= Foot Locker Elite Classic – High Stakes Hoops =

2010 basketball tournament in Adelaide, Australia

The Foot Locker Elite Classic – High Stakes Hoops was a basketball tournament held in Adelaide, South Australia from 6 to 11 April 2010. There were eight teams in the competition (Coasters, Cyclones, Fleet, Monarchs, Pythons, Rays, Reef and Rush) and players from across the globe participated. There was a total prize pool of $250,000, with the competition being broadcast on Australia's One HD channel.

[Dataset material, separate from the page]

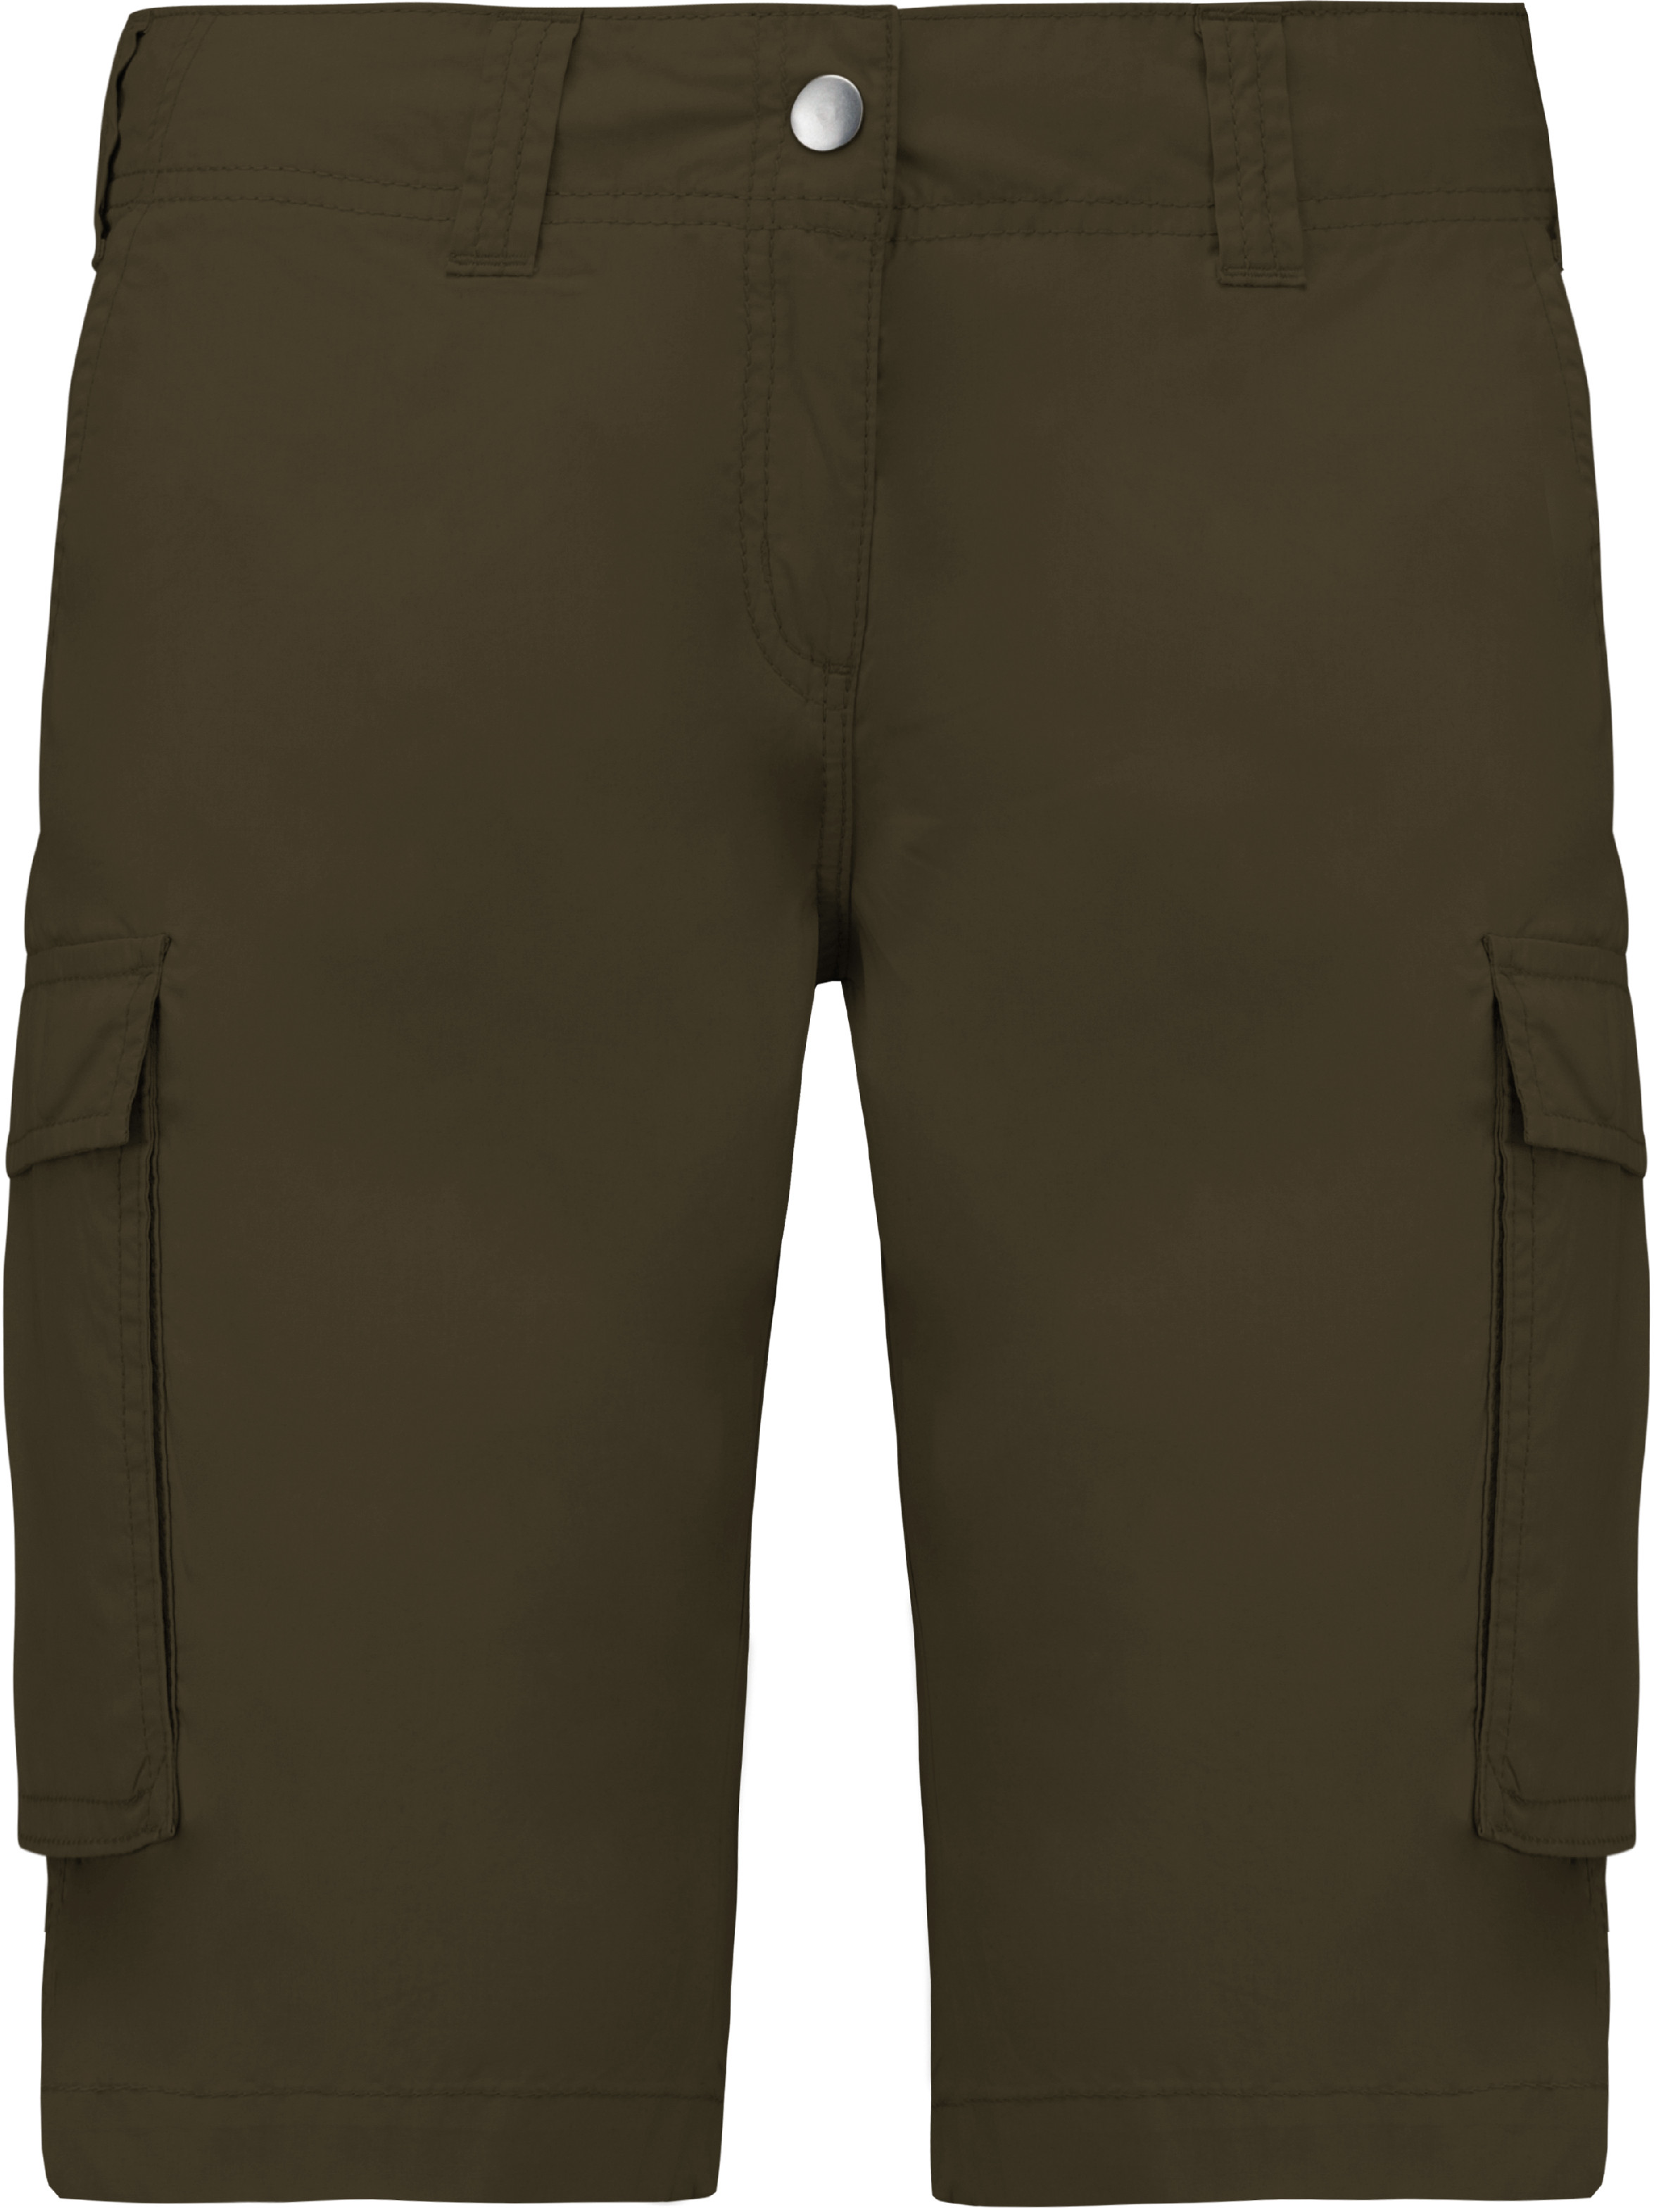 Dámské šortky s kapsami - Bermudy K756 Barva: khaki, Velikost: 38

The High Stakes Hoops competition was held outside of the normal NBL season and had a number of rules which were different from NBL and FIBA. These included using jump balls to settle tie-ups with no use of the possession arrow, only allowing one full timeout and one 20-second timeout in each half, and running 48-minute games.

A new concept used throughout the tournament was the 'Game Breaker' play. Twice during each game, the coach could elect to use a 'Game Breaker' play when for the next three minutes of clock time, the team in the 'Game Breaker' phase had each successful three-point shot counted as four points. The team's backboard was lit in green during this time.

The Rays, a team consisting of Adam Gibson, Tony Ronaldson, Peter Crawford, Damian Martin and Kevin Lisch, won the tournament.